Je ne suis pas dogmatique sur le sujet, je ne pense pas que ce soit bien ou pas. Je crois que c'est un mode d'organisation des espaces et non pas du travail, qui correspond ou ne correspond pas à une structure. J'ai accompagné des organisations dans lesquelles certains services sont passés au flex et d'autres ont gardé des bureaux individuels. Il faut que le flex corresponde à l'organisation du travail de la structure ou du département. Si on veut le mettre en place dans de bonnes conditions, chaque salarié doit avoir un endroit pour travailler. Ça ne veut pas dire qu'il a son bureau avec son mug et ses photos de famille, mais il doit avoir un lieu où il est attendu. Il faut aussi qu'il puisse avoir un repère symbolique, comme un casier par exemple.

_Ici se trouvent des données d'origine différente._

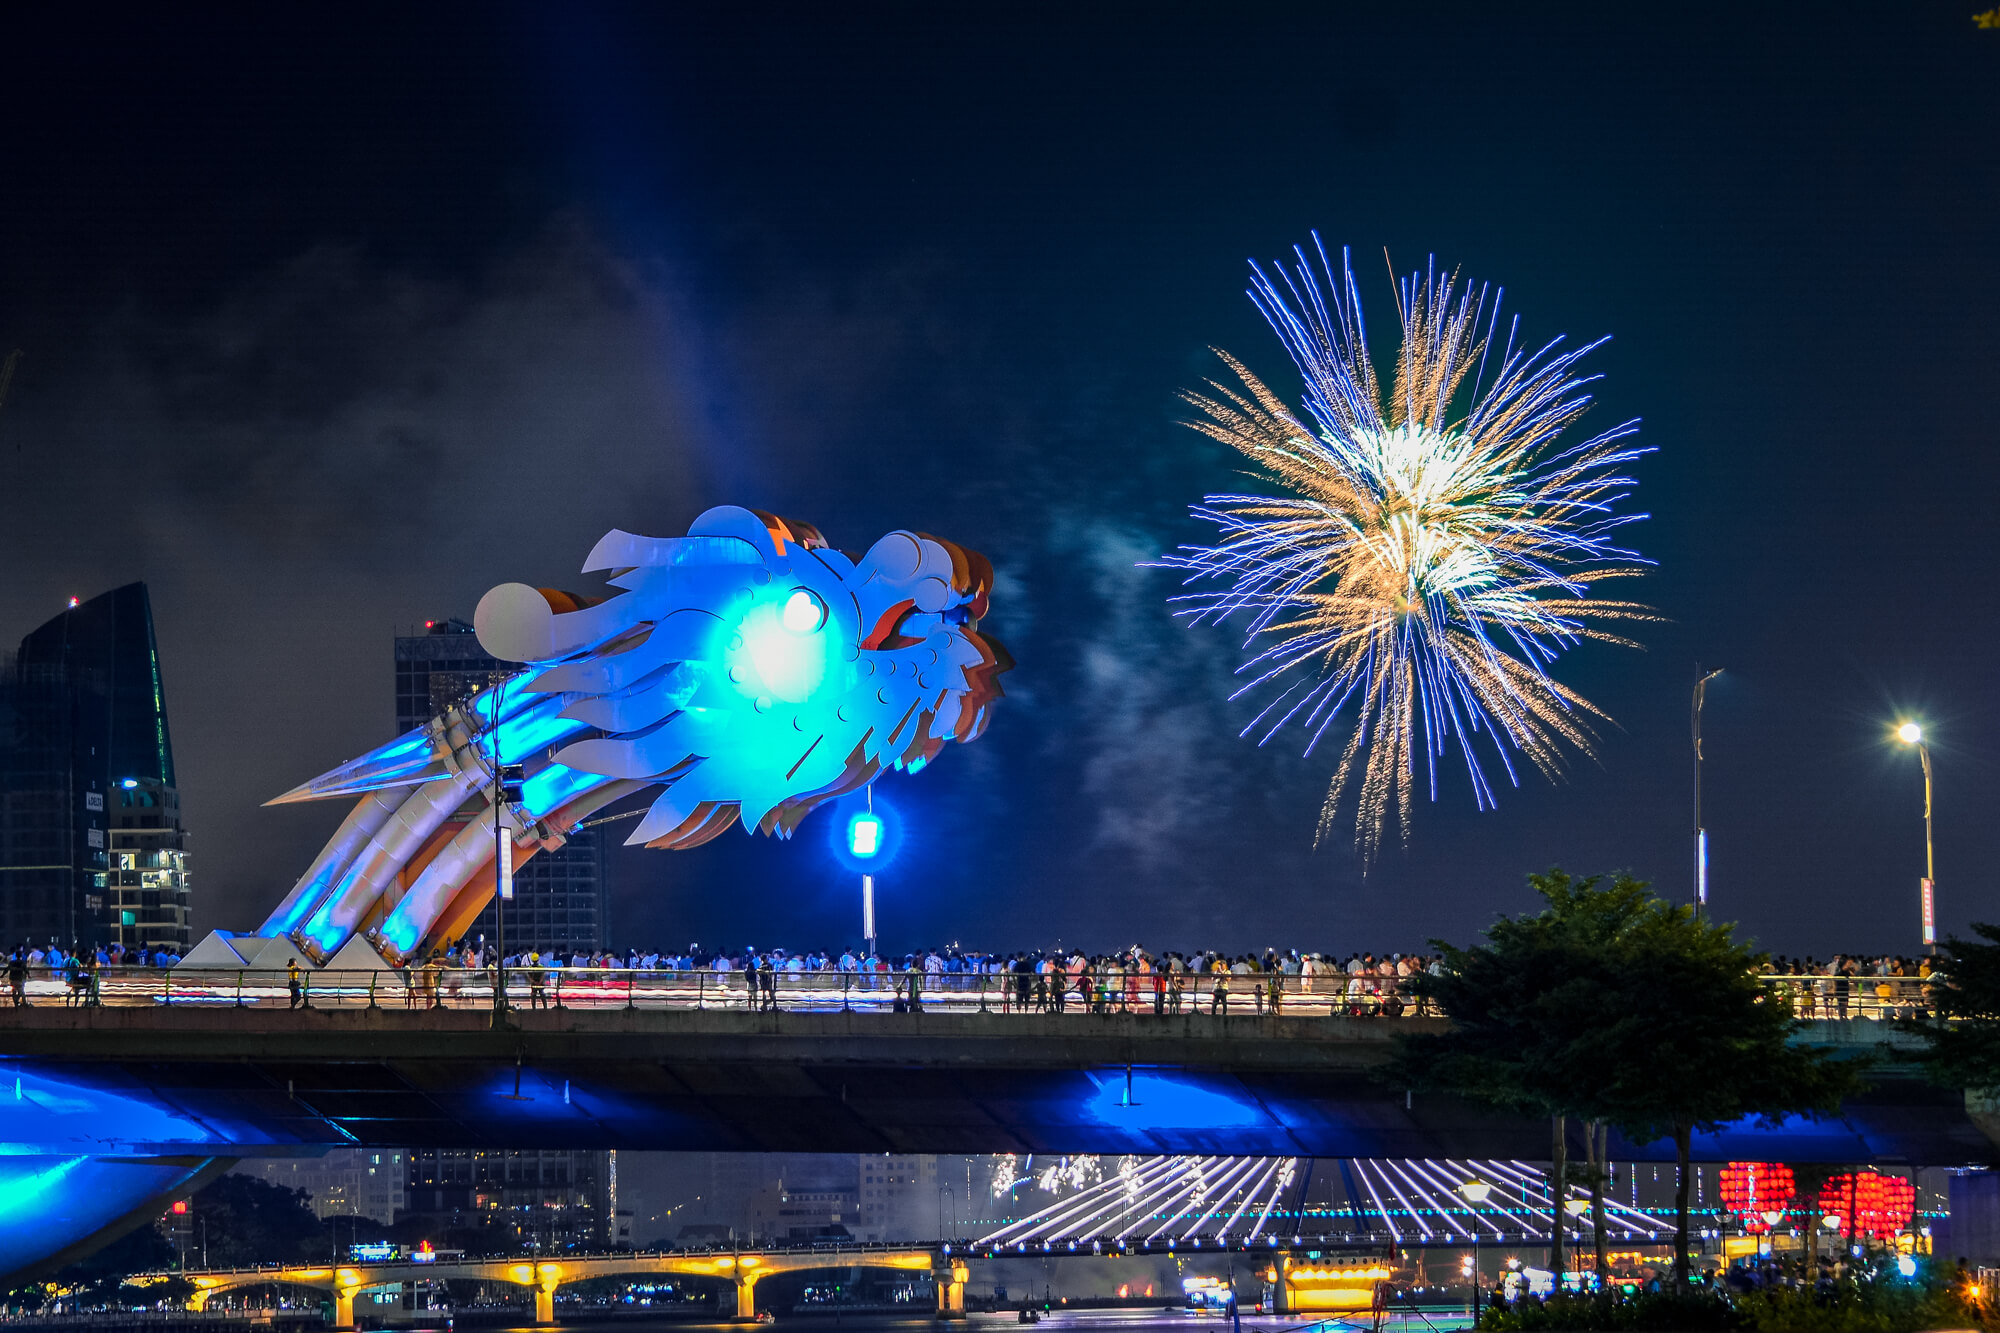 Fireworks at Dragon Bridge

Vous pointez du doigt les apéros zoom ou la pause café en visio obligatoire imposée par certaines structures pour maintenir les liens informels, qu'on sait fondamentaux en entreprise. Comment faire donc en télétravail ?
On ne peut pas formaliser l'informel, c'est de la spontanéité. Il ne faut pas décider de moment ou de lieu informel. Il est en train de trouver une nouvelle manière d'exister, on fait par exemple beaucoup d'informel par téléphone, ce qu'on ne fait pas du tout en visio. Le bureau permet évidemment à l'informel d'exister, au restaurant d'entreprise, dans les couloirs... C'est pour ça, je crois qu'il faut réfléchir au nombre de jours passés ensemble au travail, plutôt qu'au nombre de jours de télétravail par semaine.
Ceux qui avaient le moins d'habitude de télétravailler sont en train d'inventer les modèles les plus intéressants. L'Espagne modifie profondément son rapport au travail, à la fois par le fait de penser un télétravail de manière collective, mais aussi en lançant une expérimentation sur la semaine de 4 jours. C'est un pays qui avait moins de 5 % de télétravailleurs avant la pandémie. Aujourd'hui il a saisi l'opportunité de réfléchir globalement à l'avenir du travail. Au fond, ceux qui n'avaient pas l'habitude du distanciel sont en train de prendre beaucoup d'avance sur les innovations en matière de travail.